Rate Limiting in FastAPI: slowapi and Custom Middleware (2026)

FastAPI’s rate limiting isn’t a built-in feature, but it’s surprisingly easy to implement, and slowapi is a popular way to do it.

Let’s see it in action. Imagine you have a FastAPI app and you want to ensure users don’t hit your /items endpoint more than 5 times per minute.

from fastapi import FastAPI, Request
from slowapi import Limiter, _rate_limit_exceeded_handler
from slowapi.util import get_remote_address
from slowapi.errors import RateLimitExceeded

app = FastAPI()

# Configure the Limiter
limiter = Limiter(key_func=get_remote_address)

# Apply the limiter to specific routes
@app.get("/items")
@limiter.limit("5/minute")
async def read_items():
    return {"message": "You can access items!"}

# Handle rate limit exceeded errors
@app.exception_handler(RateLimitExceeded)
async def rate_limit_exceeded_handler(request: Request, exc: RateLimitExceeded):
    return await _rate_limit_exceeded_handler(request, exc)

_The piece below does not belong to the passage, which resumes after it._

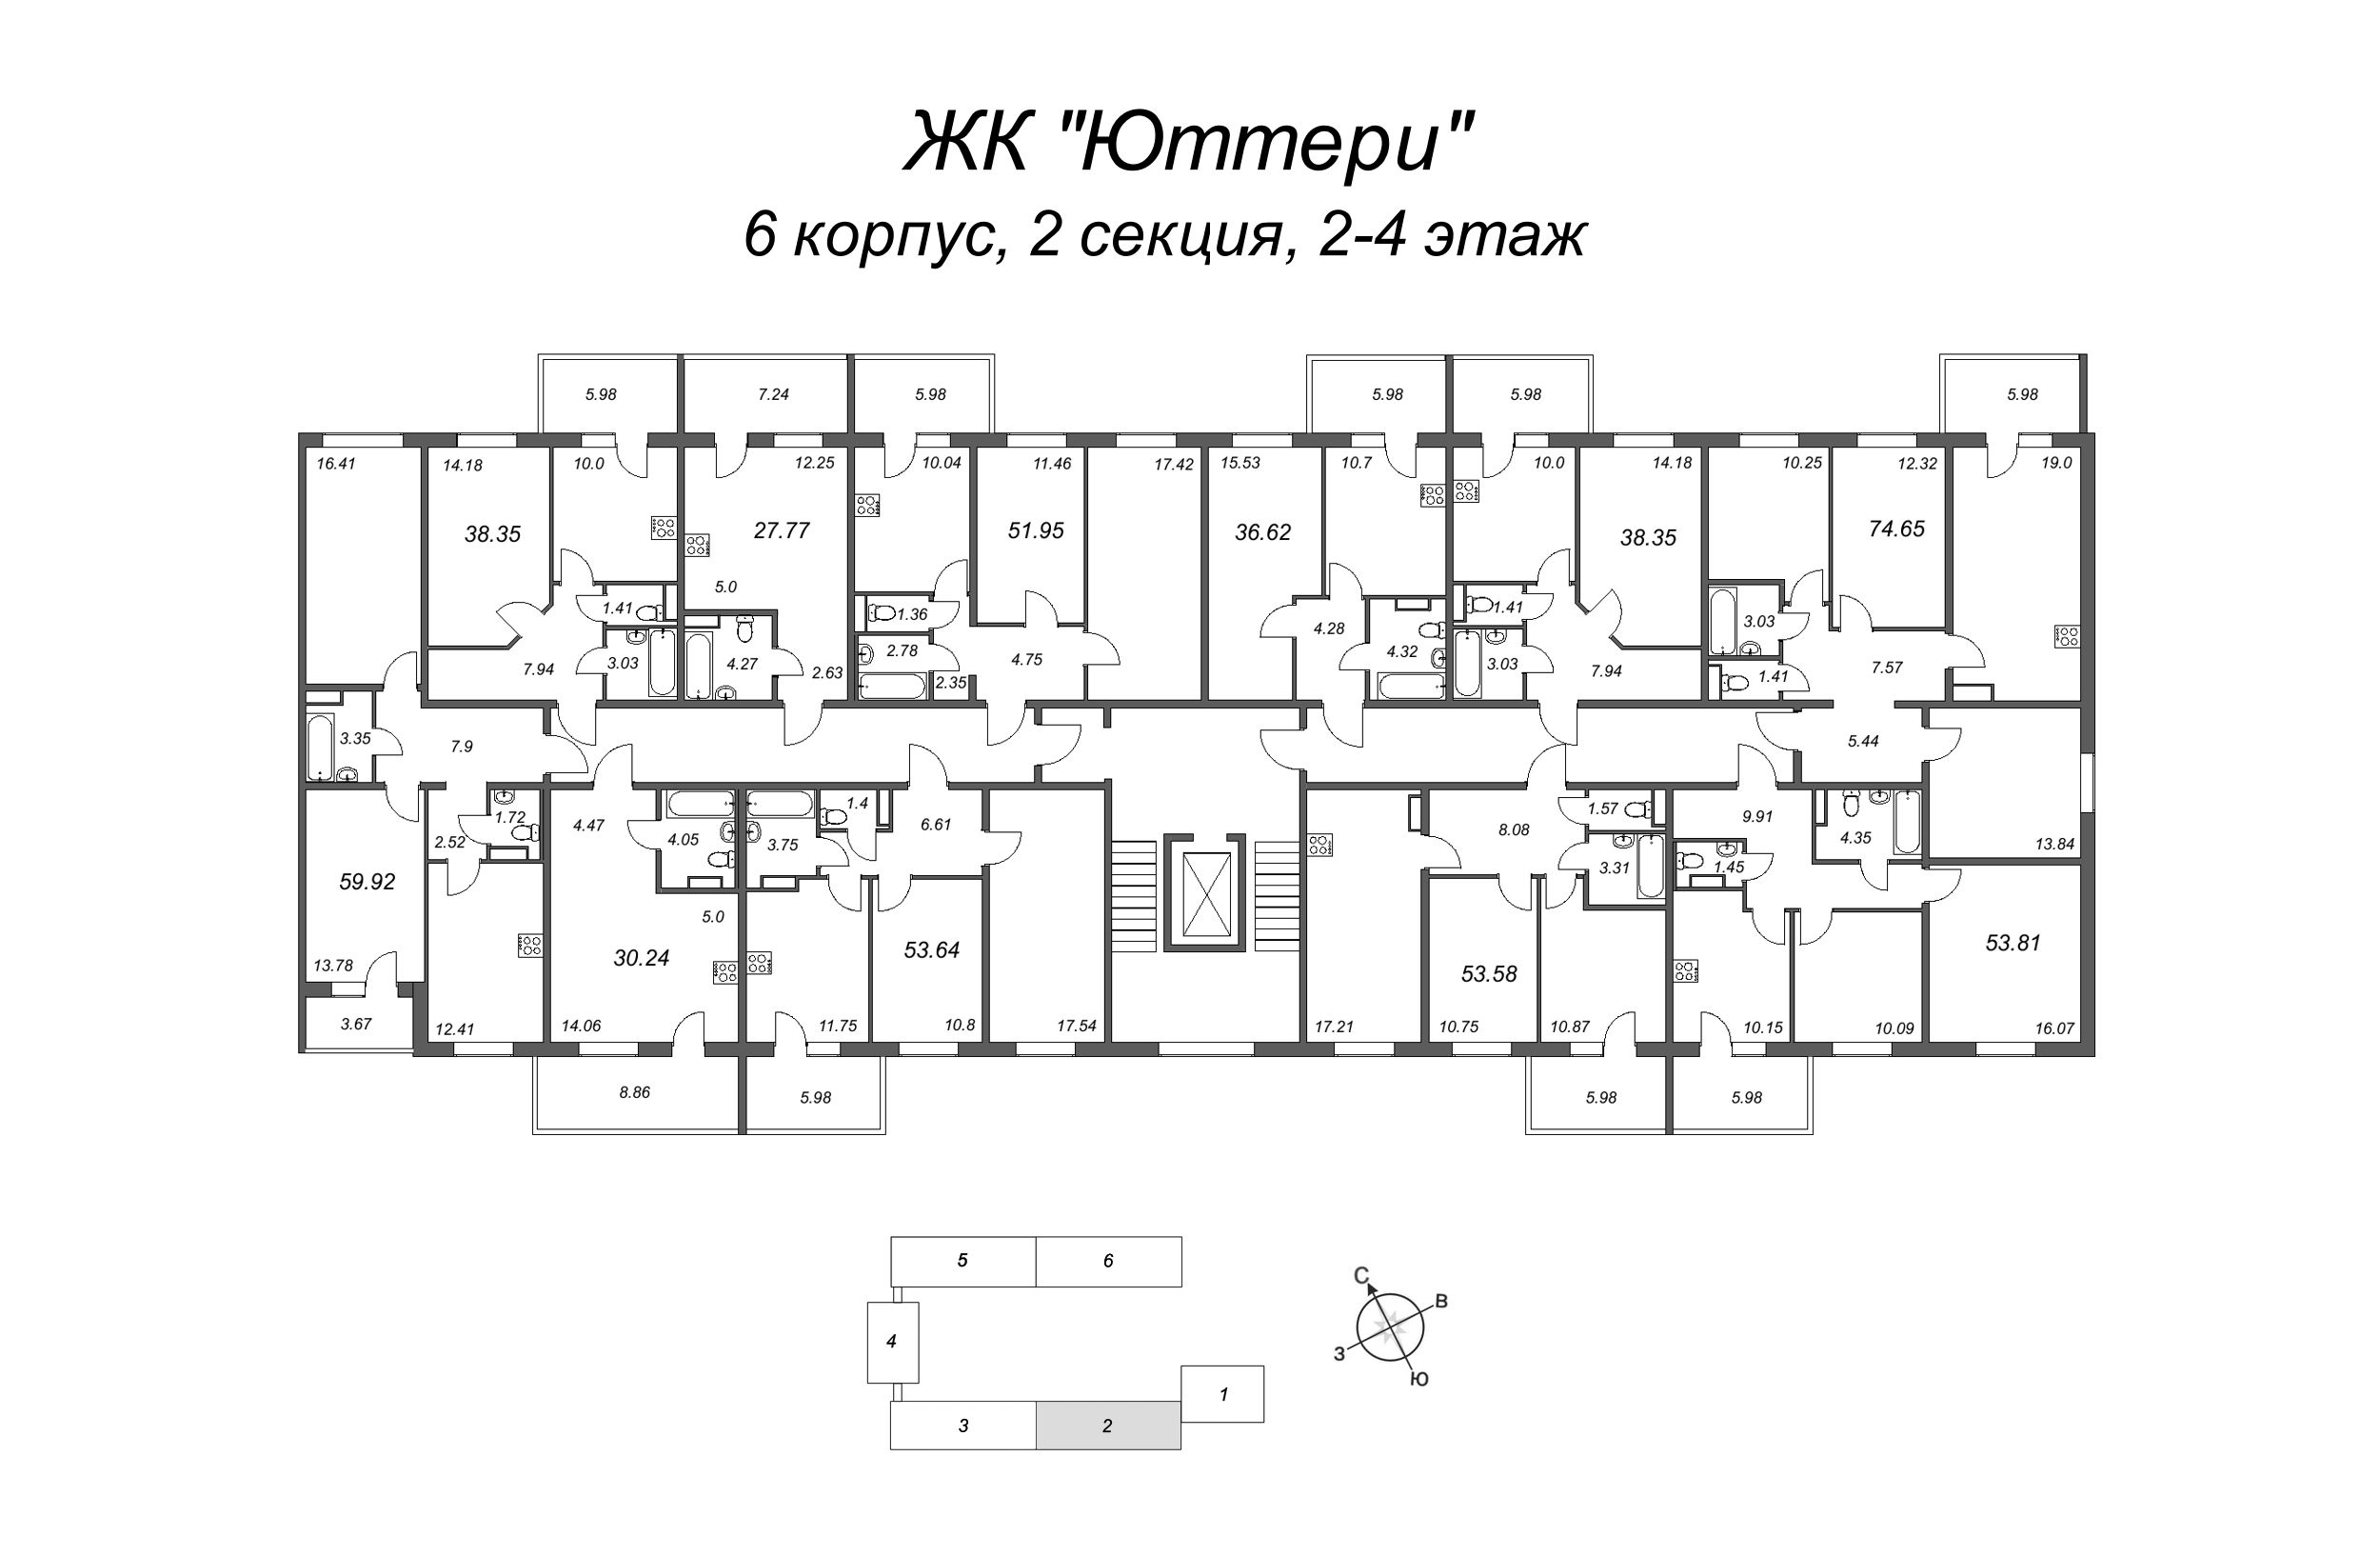 2-комнатная квартира, 52.02 м² в ЖК "Юттери" - планировка этажа

# A route without rate limiting for comparison
@app.get("/public")
async def public_route():
    return {"message": "This is a public route."}

When a client makes more than 5 requests to /items within a minute from the same IP address, slowapi will intercept the request. The _rate_limit_exceeded_handler is invoked, and you’ll receive a 429 Too Many Requests response. The get_remote_address function is crucial here; it tells slowapi who to track limits for. By default, it uses the client’s IP address.

The core problem slowapi solves is preventing abuse and ensuring fair usage of your API resources. Without it, a single user or bot could overwhelm your server, impacting performance for everyone else. slowapi provides a flexible way to define these limits.

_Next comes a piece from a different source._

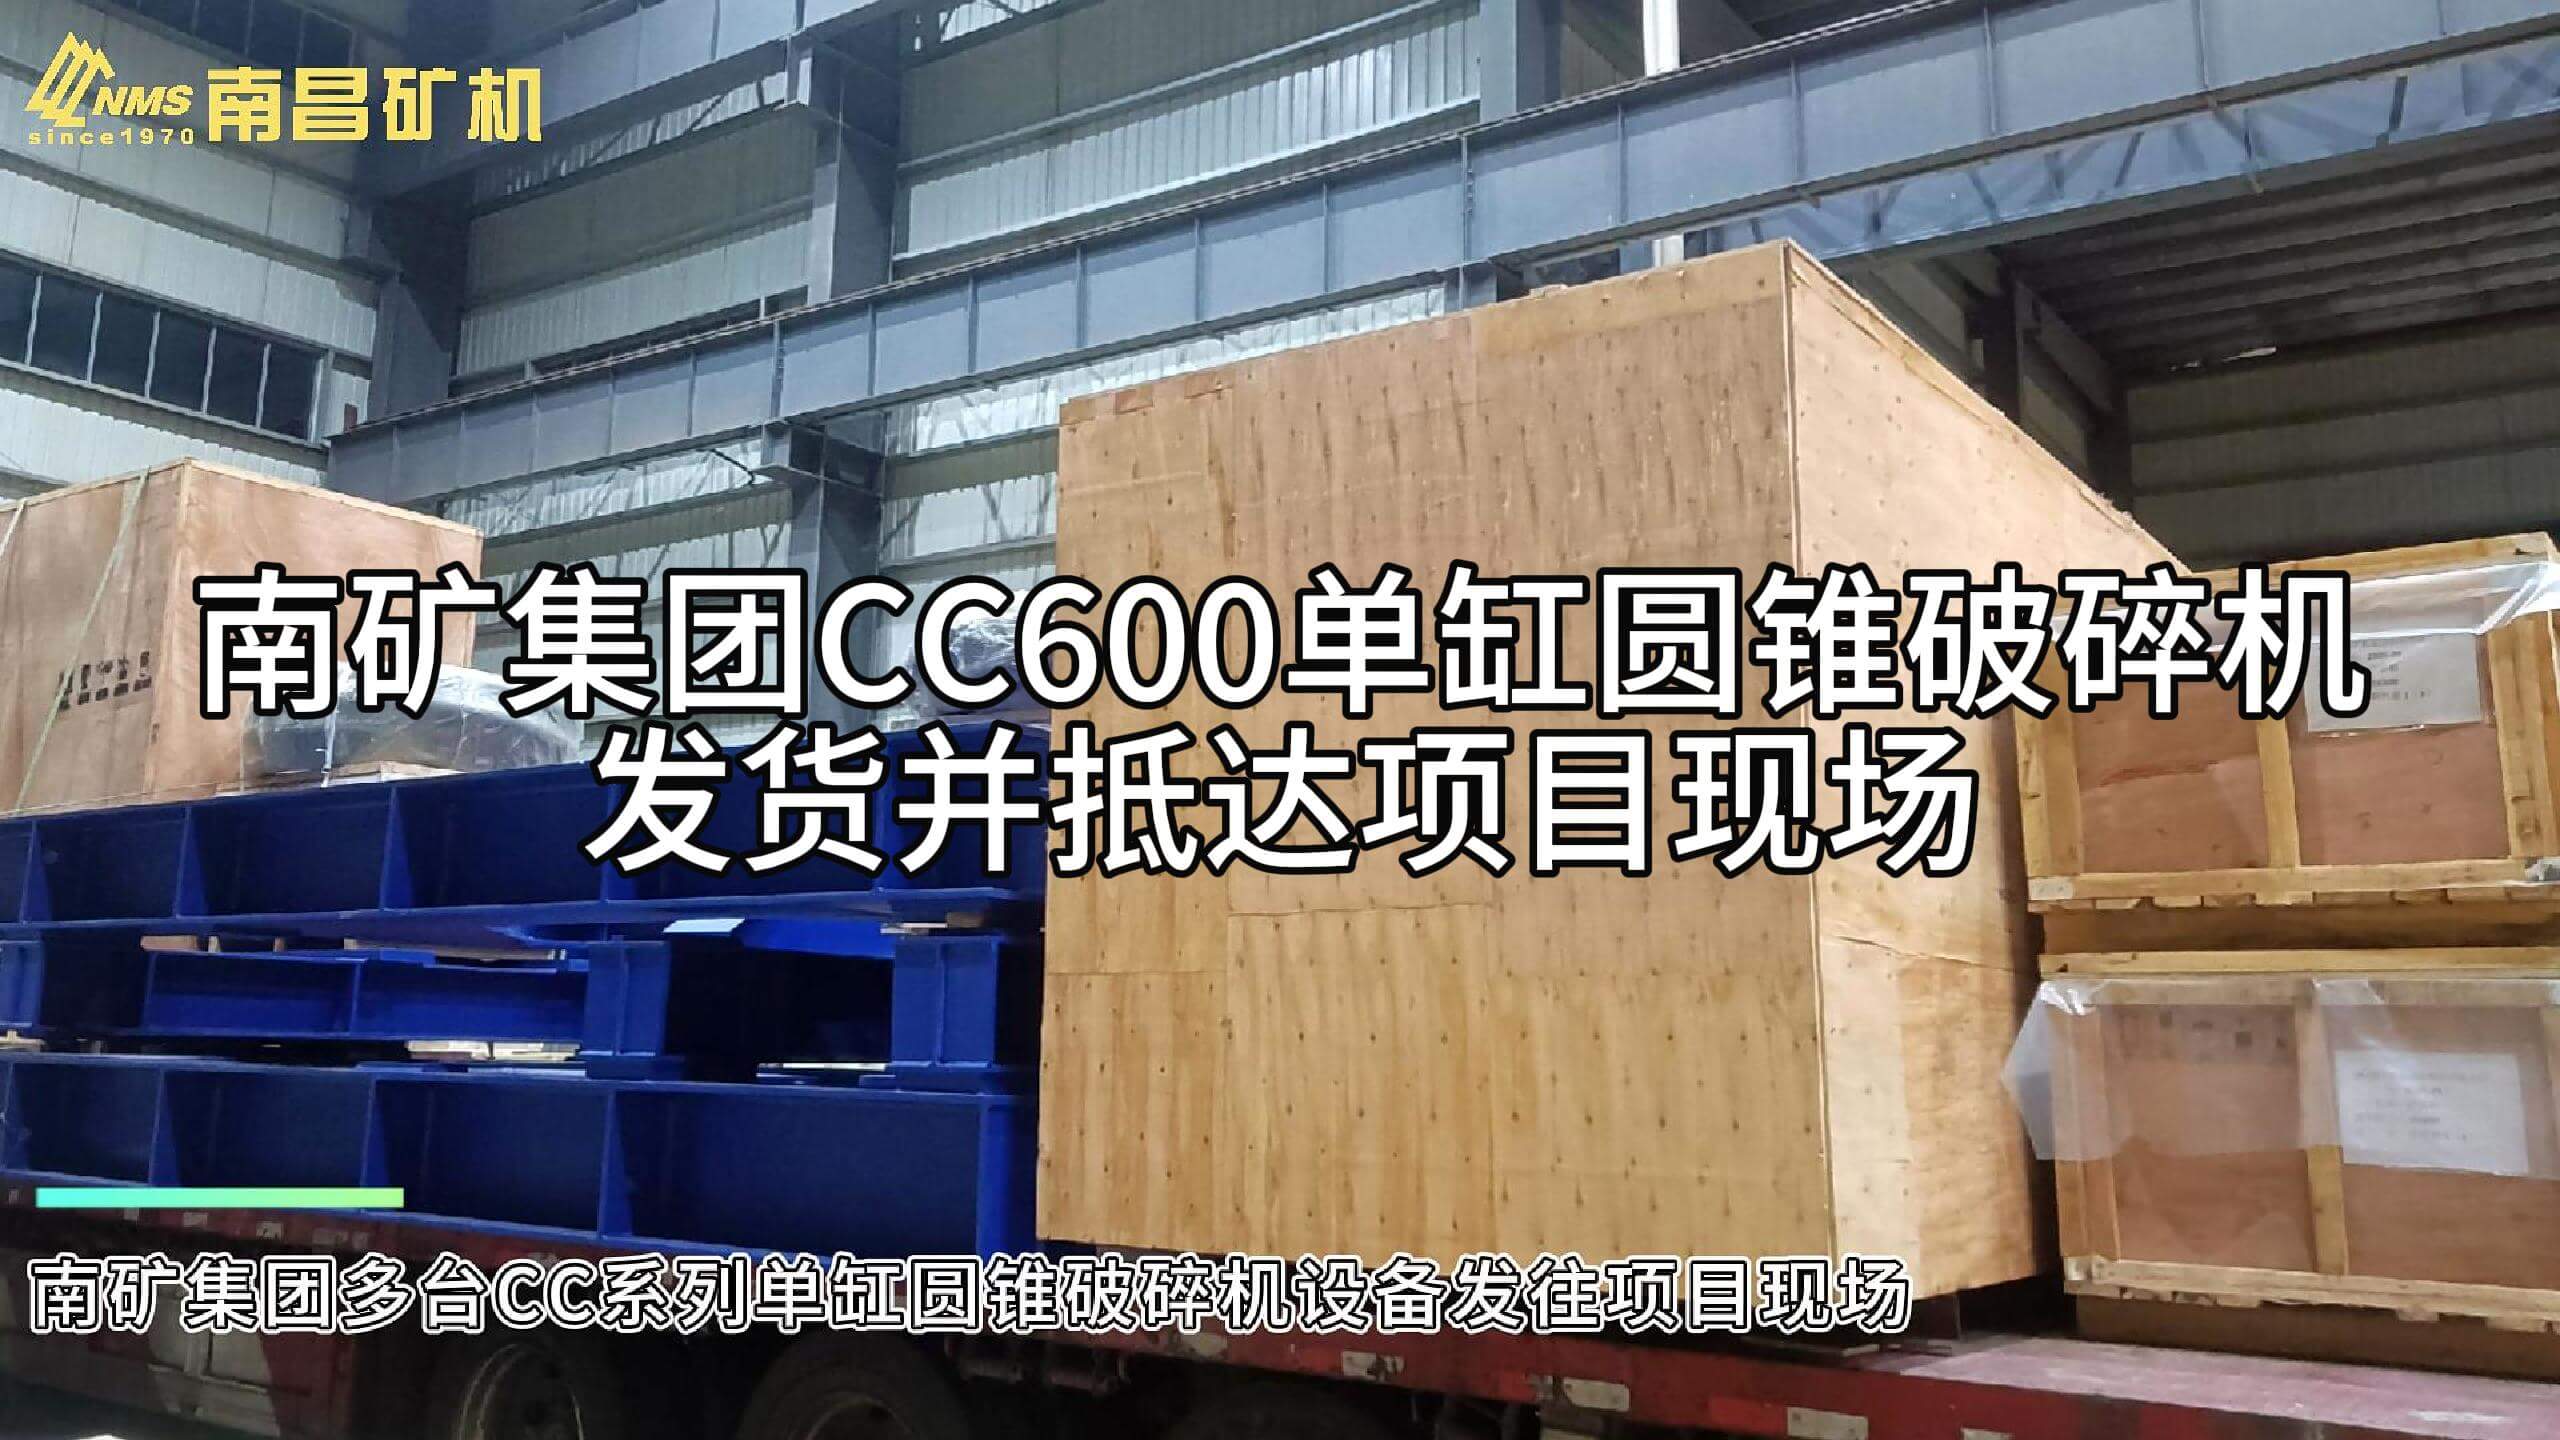 南矿集团CC600单缸圆锥破碎机发货并抵达项目现场

Internally, slowapi uses a storage backend to keep track of request counts. By default, it uses an in-memory store, which is fast but not persistent across application restarts. For production, you’ll want to configure it to use something like Redis.

Here’s how you’d configure Redis:

from slowapi import Limiter
from slowapi.util import get_remote_address
from slowapi.storage.redis_storage import RedisStorage
import redis

# Connect to Redis
redis_client = redis.Redis(host='localhost', port=6379, db=0)

# Configure the Limiter with Redis storage
limiter = Limiter(
    key_func=get_remote_address,
    storage_uri="redis://localhost:6379/0" # Or use redis_client directly
)

The storage_uri tells slowapi where to find your Redis instance. If you omit it, it defaults to memory://. Using Redis is essential for distributed systems or when you need your rate limits to survive application restarts.

You can define limits in various granularities:

Global limits: Apply to all routes.
Route-specific limits: As shown with @limiter.limit("5/minute").
Per-user limits: If you have authentication, you can use request.user.id as the key.
Complex rules: slowapi supports more than just simple time-based limits, like 100/hour, 1/day, or even 30/10m (30 requests per 10 minutes).

The most surprising thing is how easily you can bypass the default get_remote_address logic if you’re behind a proxy or load balancer that terminates SSL and rewrites headers. If your X-Forwarded-For headers aren’t correctly configured or trusted, slowapi might end up seeing the IP of your proxy, not the actual client, meaning all your users appear to come from a single IP and share the same rate limit.

To handle this, you’d often customize the key_func:

from fastapi import FastAPI, Request
from slowapi import Limiter
from slowapi.util import get_remote_address

app = FastAPI()

def get_real_remote_address(request: Request):
    # Try to get IP from X-Forwarded-For header,
    # trusting it only if behind a known proxy.
    # This is a simplified example; robust solutions involve
    # configuring trusted proxies.
    if request.headers.get("X-Forwarded-For"):
        return request.headers.get("X-Forwarded-For").split(",")[0]
    return get_remote_address(request)

limiter = Limiter(key_func=get_real_remote_address)

@app.get("/secure")
@limiter.limit("10/minute")
async def secure_endpoint():
    return {"message": "Secure data"}

This get_real_remote_address function attempts to extract the original client IP from the X-Forwarded-For header. In a real-world scenario, you’d need a more robust way to determine if you trust that header, often by configuring your web server or load balancer to set it only for trusted upstream IPs.

The next step is often integrating custom logic into your rate limiting, perhaps allowing certain authenticated users higher limits or applying different rules based on the request payload.